Фрэнни одна из первых вышла из дальнего вагона в северном конце платформы. Лейн увидал ее сразу, и, что бы он ни старался сделать со своим лицом, его рука так вскинулась кверху, что сразу все стало ясно. И Фрэнни это поняла и горячо замахала ему в ответ. На ней была шубка из стриженого енота, и Лейн, идя к ней навстречу быстрым шагом, но с невозмутимым лицом, вдруг подумал, что на всем перроне только ему одному по-настоящему знакома шубка Фрэнни. Он вспомнил, как однажды, в чьей-то машине, целуясь с Фрэнни уже с полчаса, он вдруг поцеловал отворот ее шубки, как будто это было вполне естественное, желанное продолжение ее самой.
— Лейн! — Фрэнни поздоровалась с ним очень радостно: она была не из тех, кто скрывает радость.
Закинув руки ему на шею, она поцеловала его. Это был перронный поцелуй — сначала непринужденный, но сразу затормозившийся, словно они просто стукнулись лбами.
— Ты получил мое письмо? — спросила она и тут же сразу добавила: — Да ты совсем замерз, бедняжка! Почему не подождал внутри? Письмо мое получил?
— Какое письмо? — спросил Лейн, поднимая ее чемодан. Чемодан был синий, обшитый белой кожей, как десяток других чемоданов, только что снятых с поезда.

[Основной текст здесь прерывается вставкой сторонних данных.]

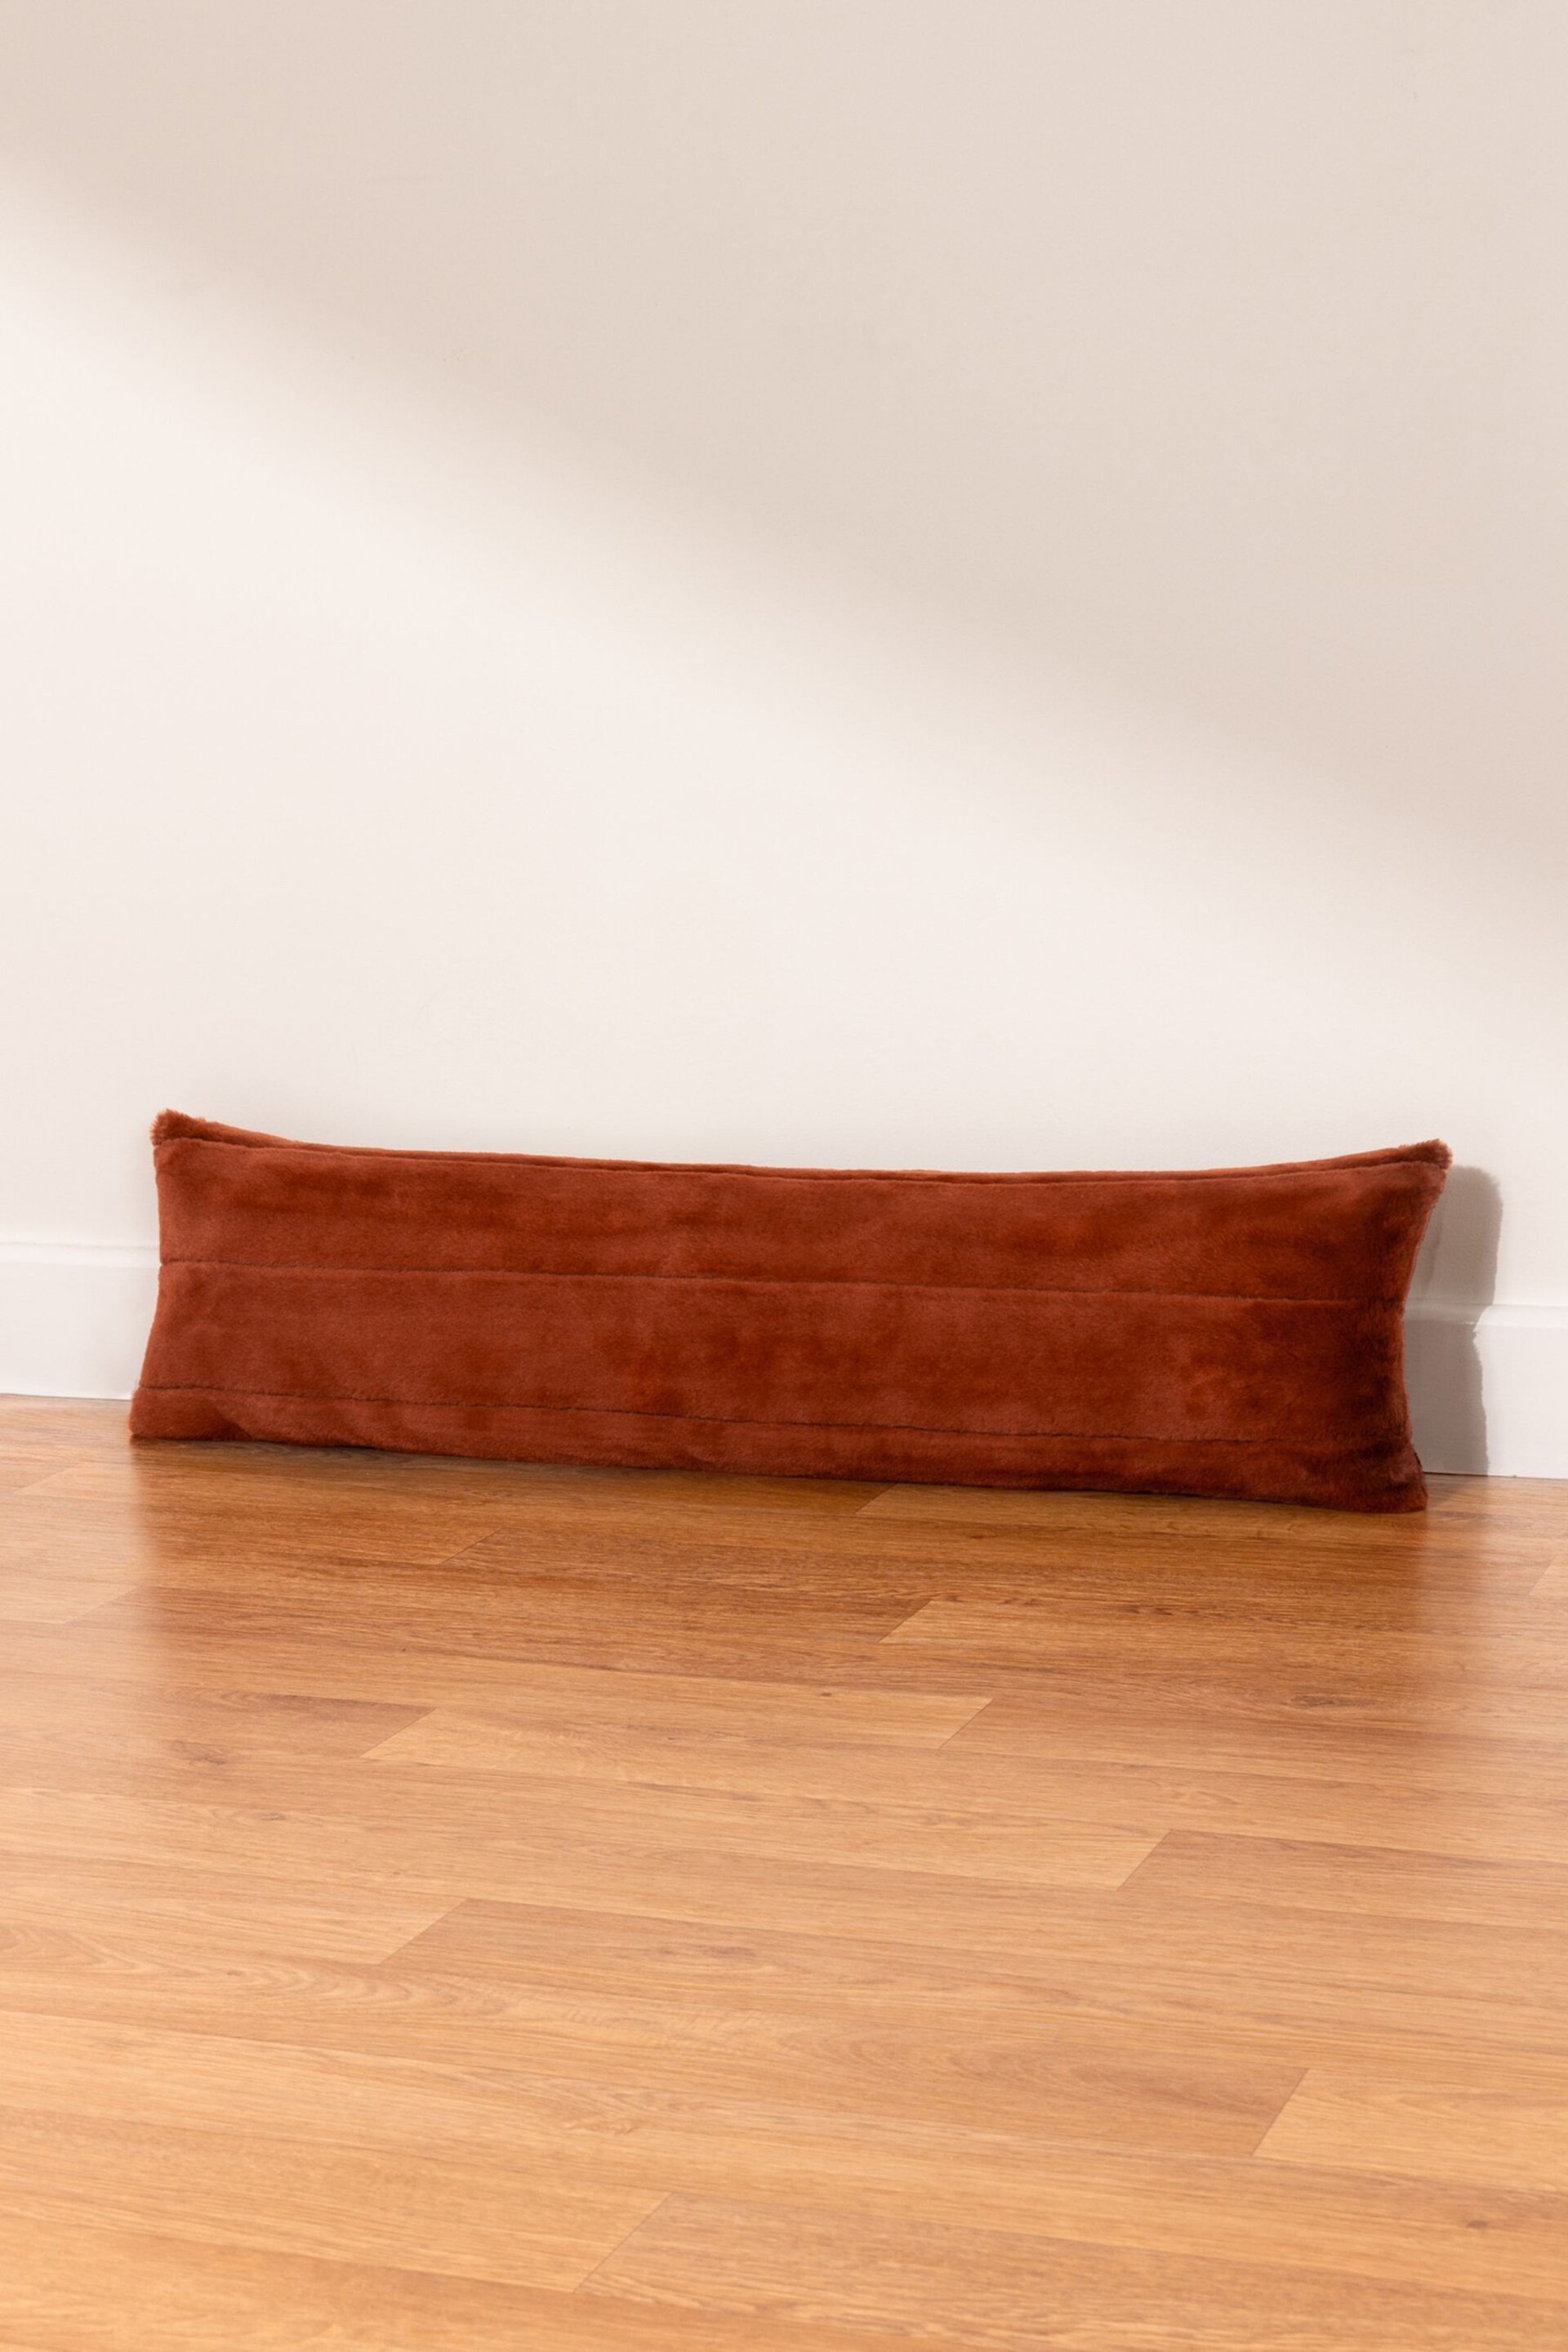 Paoletti Orange Empress Faux Fur Draught Excluder - Image 1 of 2

— Не получил? А я опустила в среду! Господи! Еще сама отнесла на почту!
— А-а-а, ты о том письме… Да, да. Это все твои вещи? А что за книжка?

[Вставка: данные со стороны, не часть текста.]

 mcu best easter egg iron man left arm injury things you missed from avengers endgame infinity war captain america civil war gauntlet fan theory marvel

Фрэнни взглянула на книжку, она держала ее в левой руке — маленькую книжечку в светло-зеленом переплете.
— Это? Так, ничего… — Открыв сумку, она сунула туда книжечку и пошла за Лейном по длинному перрону к остановке такси. Она взяла его под руку и всю дорогу говорила не умолкая. Сначала про платье — оно лежит в чемодане, и его необходимо погладить. Сказала, что купила чудесный маленький утюжок, совсем игрушечный, но забыла его привезти. В вагоне она встретила только трех знакомых девочек — Марту Фаррар, Типпи Тиббет и Элинор, как ее там, она с ней познакомилась бог знает когда, еще в пансионе, не то в Экзетере, не то где-то еще. А по всем остальным в поезде сразу было видно, что они из Смита, только две — абсолютно вассаровского типа, а одна — явно из Лоуренса или Веннингтона. У этой беннингтон-лоуренсовской был такой вид, словно она все время просидела в туалете и занималась там рисованием или скульптурой, в общем чем-то художественным, а может быть, у нее под платьем было балетное трико. Лейн шел слишком быстро и на ходу извинился, что не смог устроить ее в Крофт-Хаузе — это было безнадежно, но он устроил ее в очень хороший, уютный отель. Маленький, но чистый, и все такое. Ей понравится, сказал он, и Фрэнни сразу представила себе белый дощатый барак. Три незнакомые девушки в одной комнате. Кто первый попадет в комнату, тот захватит горбатый диванчик, а двум другим придется спать вместе на широкой кровати с совершенно неописуемым матрасом.
— Чудно! — сказала она восторженным голосом. До чертиков трудно иногда скрывать раздражение из-за полной неприспособленности мужской половины рода человеческого, и особенно это касалось Лейна. Ей вспомнился дождливый вечер в Нью-Йорке, сразу после театра, когда Лейн, стоя у обочины, с подозрительно преувеличенной вежливостью уступил такси ужасно противному типу в смокинге. Она не особенно рассердилась; конечно, это ужас — быть мужчиной и ловить такси в дождь, но она помнила, каким злым, прямо-таки враждебным взглядом Лейн посмотрел на нее, вернувшись на тротуар. И сейчас, чувствуя себя виноватой за эти мысли и за все другое, она с притворной нежностью прижалась к руке Лейна. Они сели в такси. Синий с белым чемодан поставили рядом с водителем.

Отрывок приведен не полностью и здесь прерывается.